An archetypical physical organic technique for identifying features that influence product selectivity as a function of substituent changes is linear free-energy relationship (LFER) analysis.[4] Pioneered by Hammett for electronic analysis of meta- or para-substituted benzene rings[5] and adopted by Taft[6] and, later, Charton[7] for steric effect analyses, these techniques have been broadly applied to interrogate reaction outcomes.[8] While these classic LFER parameters have been instrumental in a variety of contexts, often illuminating mechanistic details by relating log(K) to empirically derived electronic or steric constants (where K may represent relative rate and equilibrium constants, ratios of enantiomers and constitutional isomers, etc.), LFERs also bear significant limitations;[9] namely, there are a modest number of reactions that can be successfully modeled using Hammett or Taft/Charton parameters alone.[9b,10]

Over the last several years, the Sigman laboratory has investigated the use of discretely measured molecular parameters (vide infra) as opposed to those derived from relative-rate experiments (e.g., Hammett and Taft values) for nonclassic free-energy relationship analysis, relating these parameters to ΔΔG‡ for differential transition state interrogation.[9b,11] As the data from the Rh-catalyzed C–H amination lacks obvious explanation, commonly employed free-energy relationships are not likely capable of delineating the entangled effects of the sulfamate ester on site selectivity. Therefore, we have turned to a recent discovery that specific infrared (IR) molecular vibrations represent a broadly applicable, yet uniquely descriptive, parameter set.[10a] IR vibrations can be computationally calculated for any molecule, the result of which is a tailored parameter set that is capable of describing the distinct nature of each reactive species.

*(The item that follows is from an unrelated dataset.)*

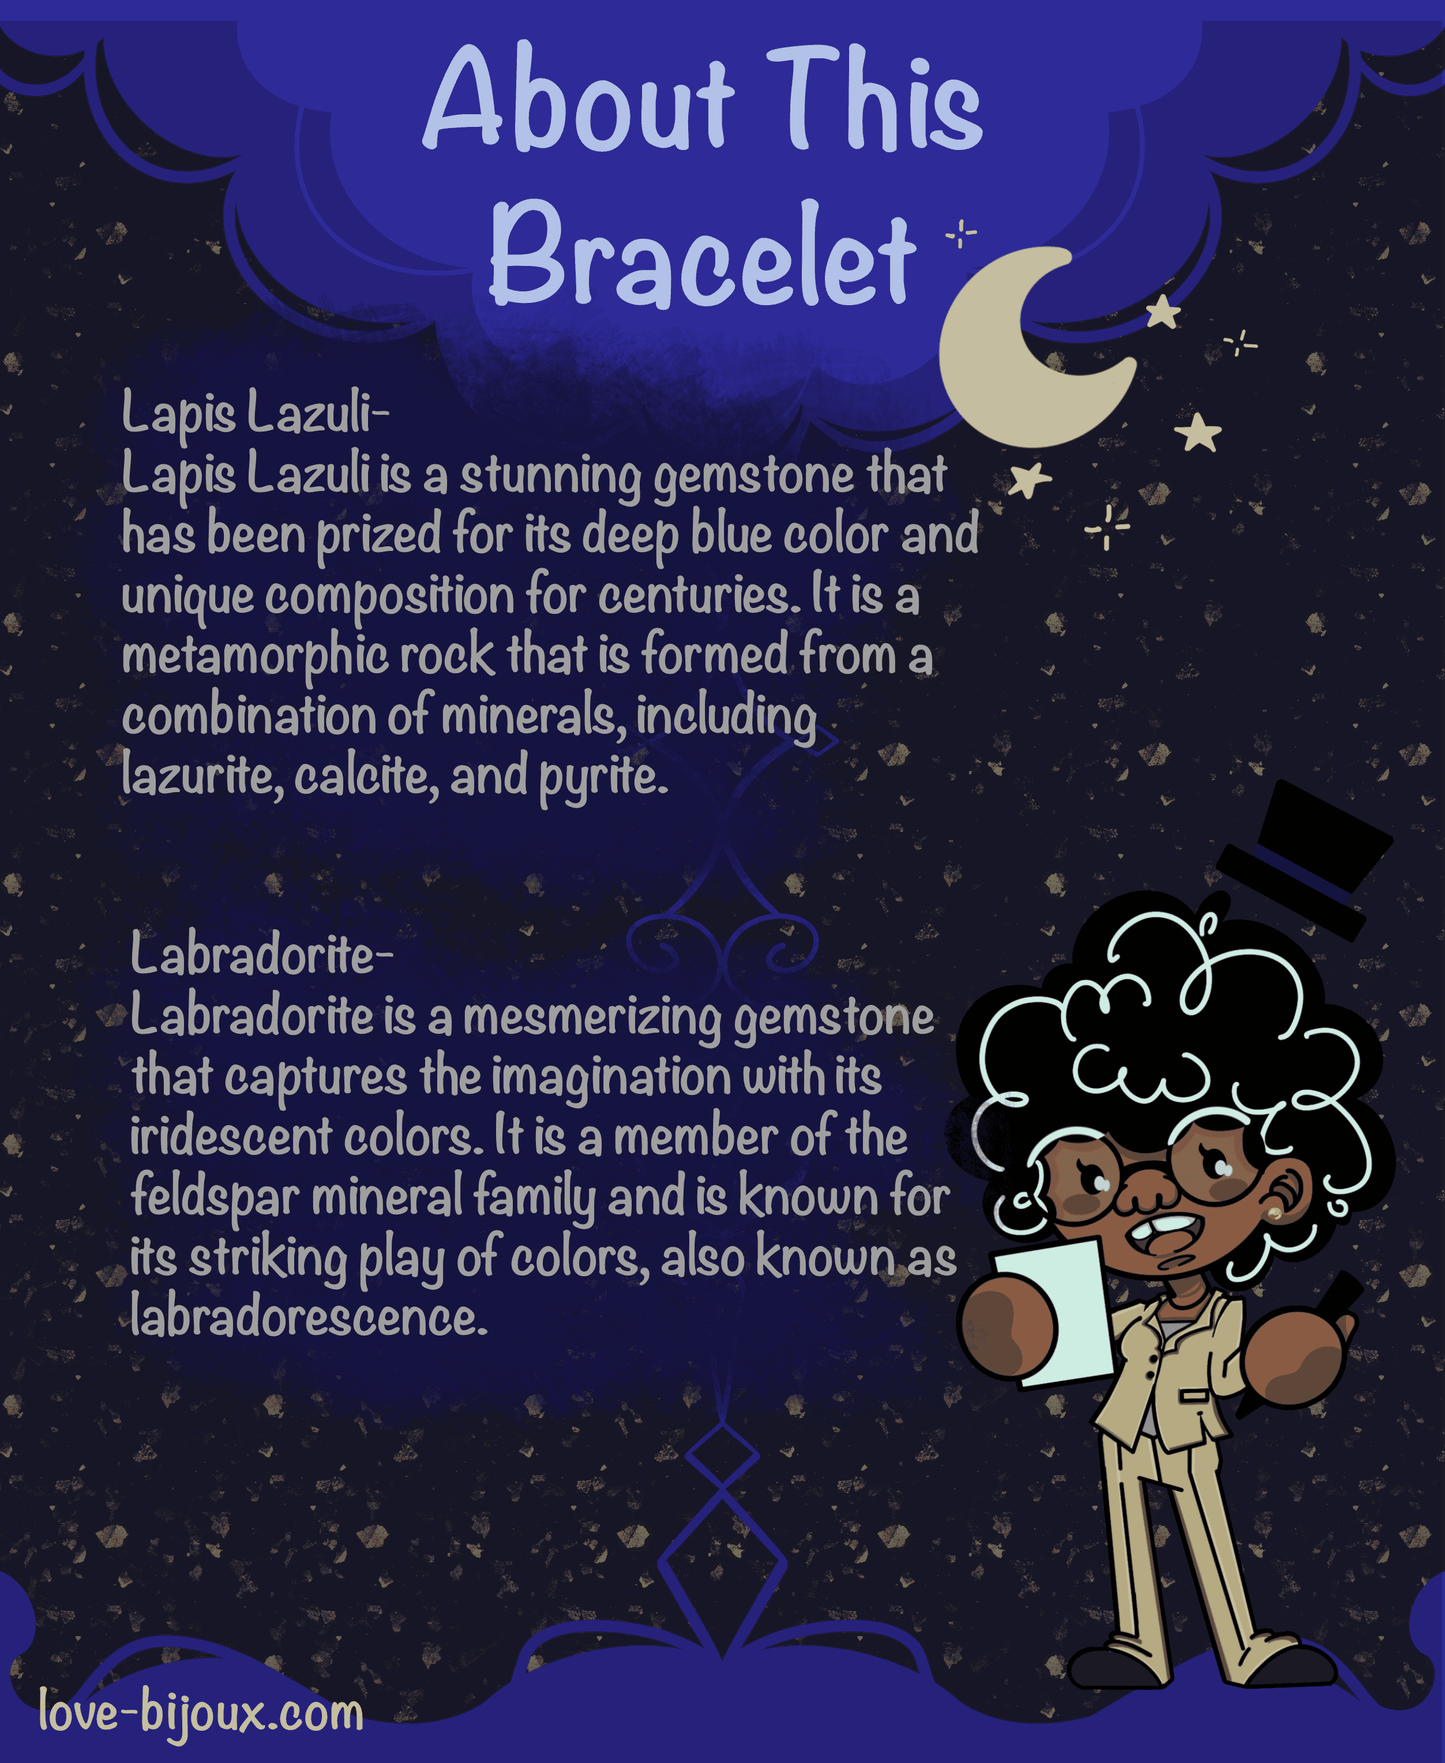 12 O’Clock (Nighttime) Bracelet
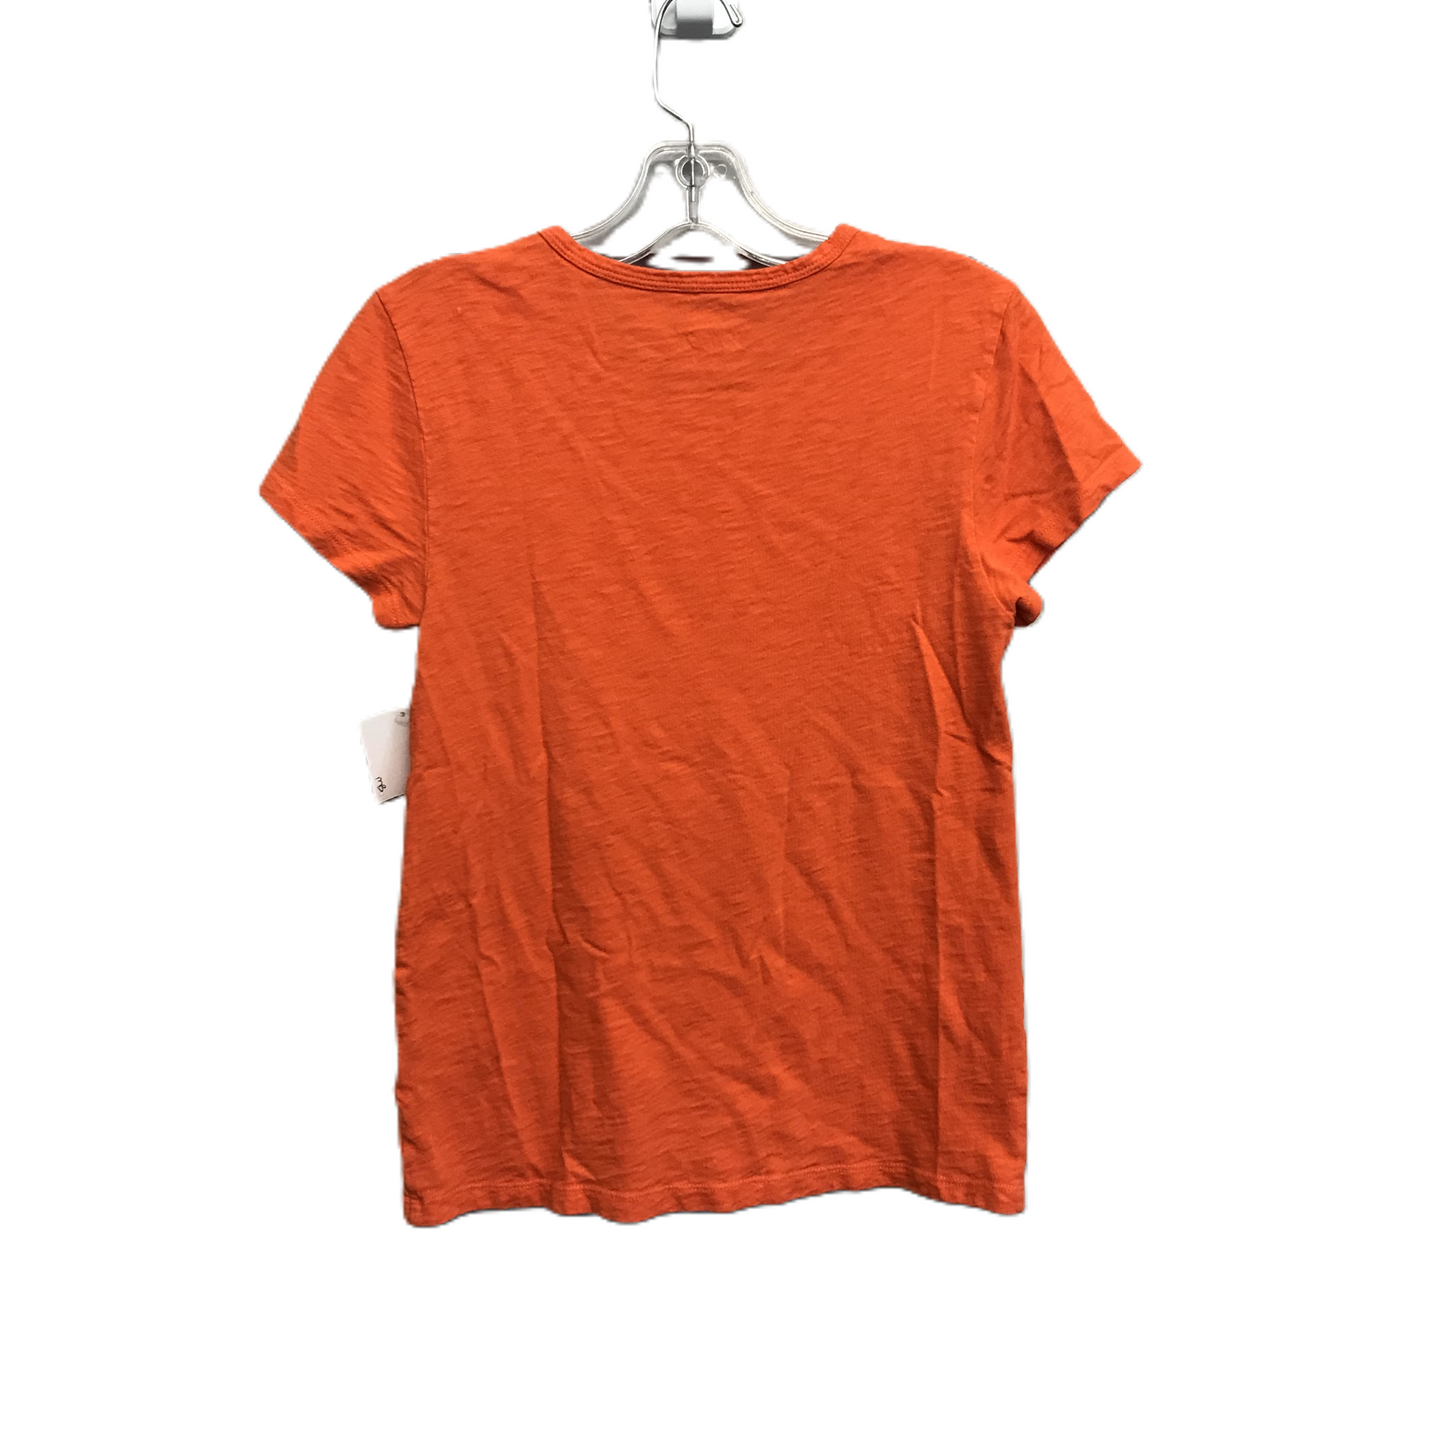 Orange Top Short Sleeve Basic By J. Crew, Size: S

Herein, we exploit the intrinsic ability of IR vibrations to describe the inherent molecular properties of sulfamate ester nitrene precursors in selective Rh2(esp)2-catalyzed amination of benzylic versus tertiary C–H bonds. Using IR-derived descriptors to quantitate steric and electronic selectivity determinants, we apply linear regression modeling to identify the sulfamate ester features responsible for differential benzylic-to-tertiary functionalization. Insights garnered from this free-energy model have led us to design a new sulfamate ester, which yields the highest selectivity ratio (9.5:1, B:T) reported, to date, for this C–H amination process.

Results and Discussion

Through the Du Bois group’s investigation of intermolecular oxidation reactions (a proposed mechanism of which is depicted in Figure 1b),[2] an interesting relationship was noted between the steric and electronic structure of the sulfamate ester b and the B:T ratio in the oxidation of isoamylbenzene (a) (Figure 1a).[3] The results of these investigations were ascribed principally to steric differences between sulfamate reagents, but the influence of electronic substituent effects could not be discounted. Accordingly, a sulfamate ester library was designed to more thoroughly probe the interplay of steric and electronic perturbations on the selectivity dependence of this system (Figure 2). Library construction was based on two features inspired by the original results: (1) the exploration of chain-length and halogenation (2a–2l) and (2) the evaluation of branching and steric bulk distal to the α-carbon of the sulfamate (2m–2t).

Figure 2

Twenty-membered sulfamate ester library used to probe the reaction’s site-selection sensitivity. Ratios, determined by GC analysis, are averaged over three experimental runs. Bolded and asterisked sulfamate ester structures represent the DoE-defined subset of nitrene sources.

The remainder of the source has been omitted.